Photo from Stacy Lutner Ritchey

David Gordon was originally from Jamaica before he graduated from Northeast Philadelphia flight school. Today, Gordon doesn't spend his days piloting aircrafts. Rather, he works as one of the 125 patrol officers that make up the little-known safety program Penn Walks.

Penn Walks is a walking escort service that has been offered by the Division of Public Safety for the past 21 years, Director of Security Services for the Division of Public Safety Cherie Heller said. They complete around 1,400 trips every month.

Although not technically part of Penn Police Department, Penn Walks acts as “the eyes and ears of the force,” Gordon said. Escorts are always in radio communication with both Penn Police and the Penn 511 Center and have the ability to call officers if the need arises.

But although the program has attempted to advertise its services through initiatives like its poster campaign partnership with the Undergraduate Assembly and the Medical Emergency Response Team last year, many students say they are not aware of Penn Walk’s existence.

“I’ve never even heard of Penn Walks before,” College sophomore Ila Sethi said. “They need better marketing because most people don’t use their services.”
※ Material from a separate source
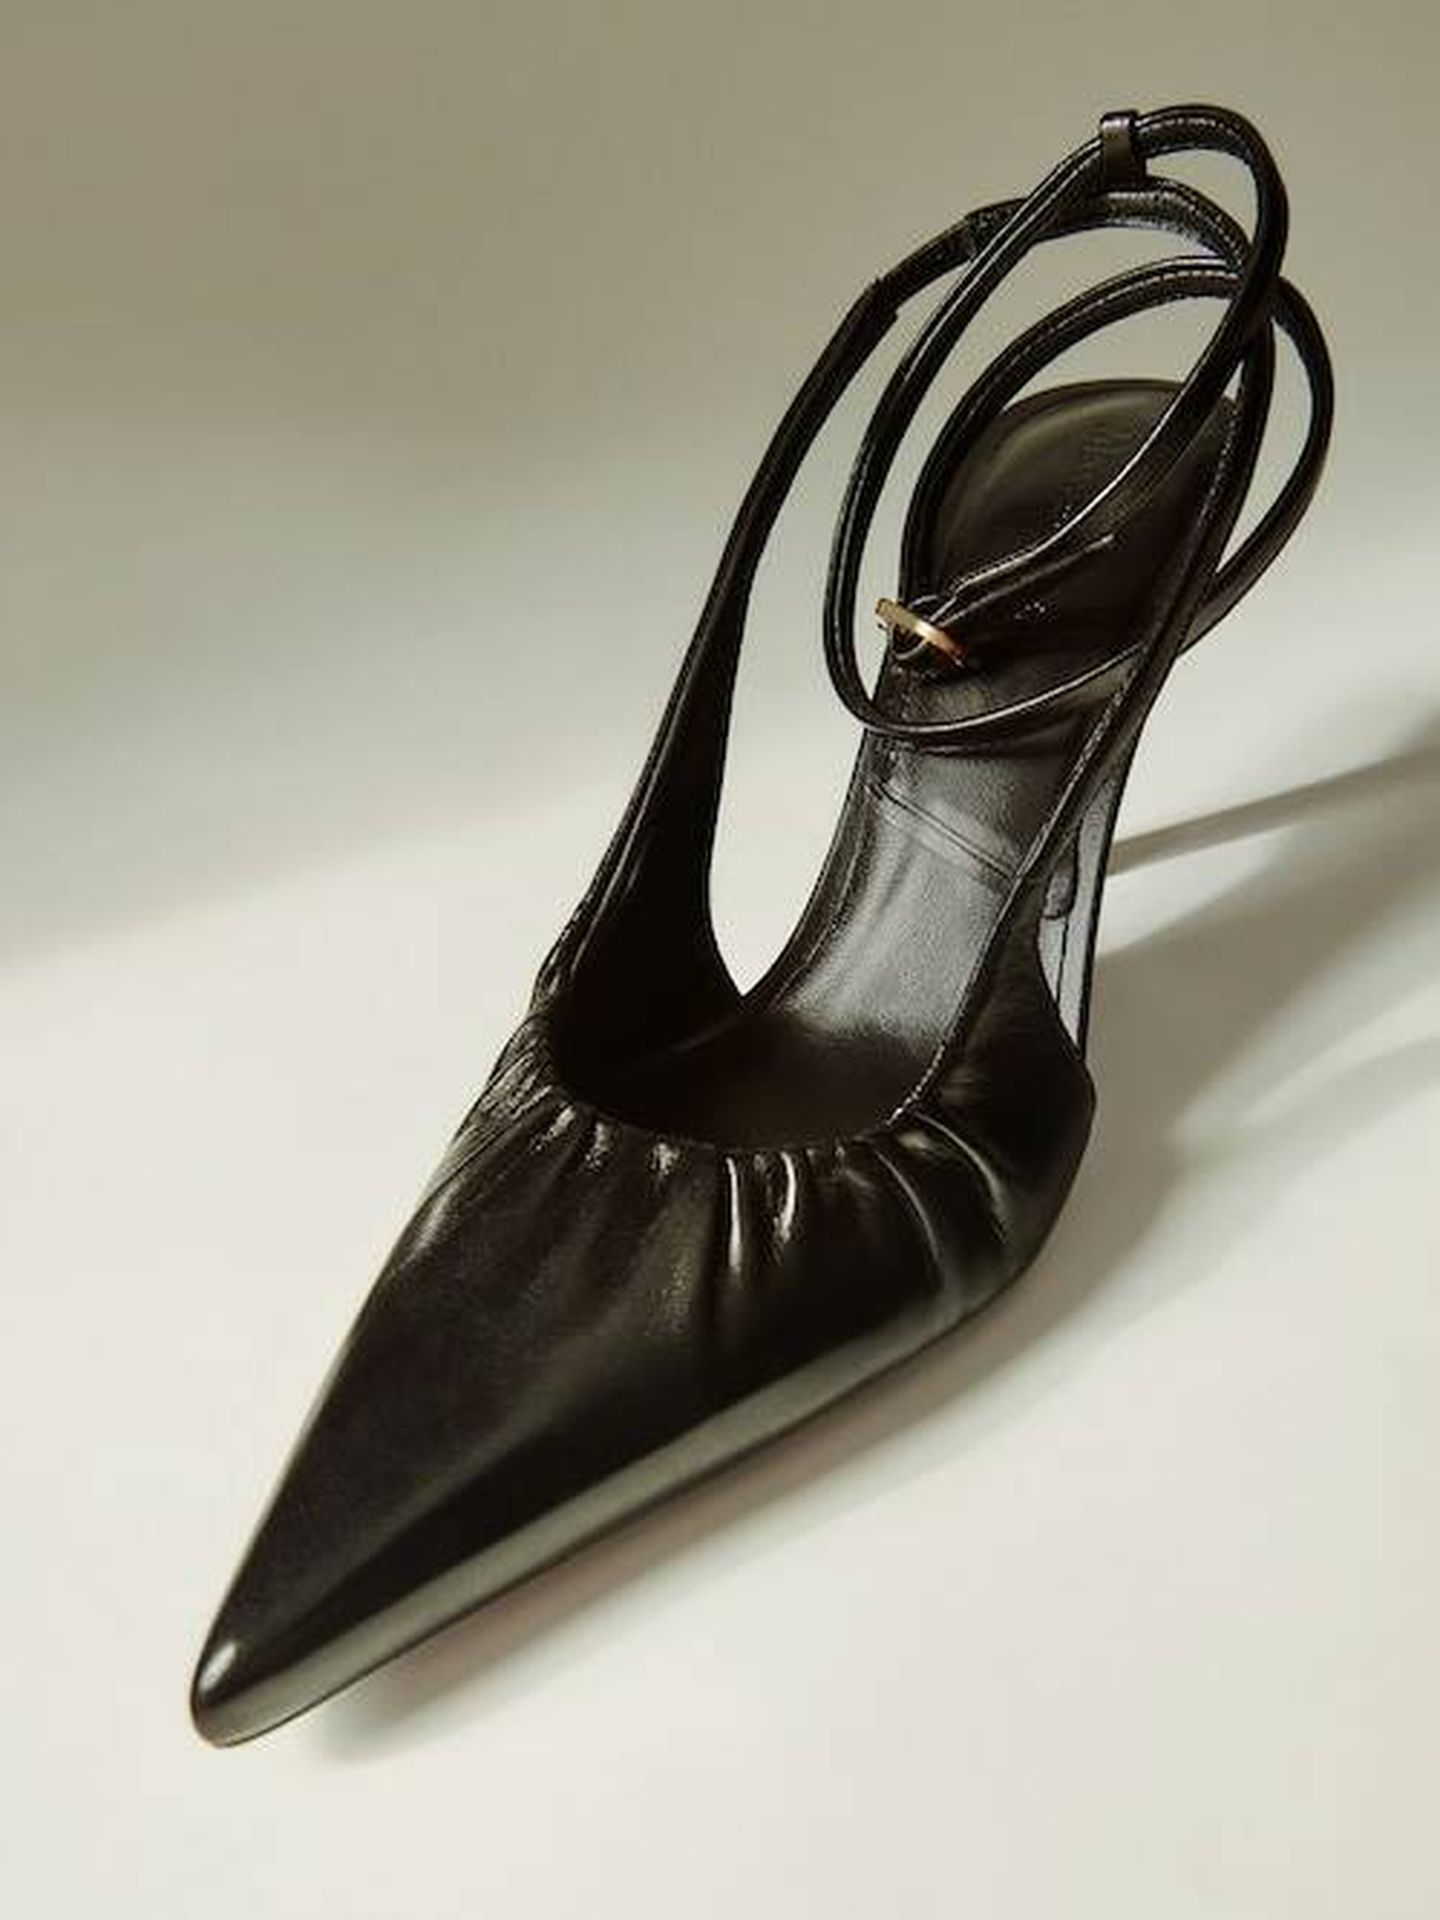 Los zapatos de salón 2 en 1 de Massimo Dutti. (Cortesía)

These services include a 24 hours a day, 365 days a year escort for anyone in University City who phones the Penn Walks number, utilizes Penn’s blue light system or asks a Public Safety Officer. Penn Walks covers the area between Market Street to Baltimore Avenue and between 30th and 43rd streets with extended area before 3 a.m. to 50th Street. 

Students who do use the service said that they used it early in their freshman year when they were unfamiliar with campus.

“I was new to Penn and I didn’t want to walk home by myself,” College sophomore Rachel Liu said, after noting she didn’t know anyone else who used the program. “I definitely think there’s no shame in utilizing it, especially given the rise of armed robberies around Penn’s campus.”

College sophomore Colleen Campbell said the distinguishing factor of her Penn Walks experience in her first semester freshman year was how “friendly” the escort was — a characteristic that Penn Walks specifically seeks in possible escorts.  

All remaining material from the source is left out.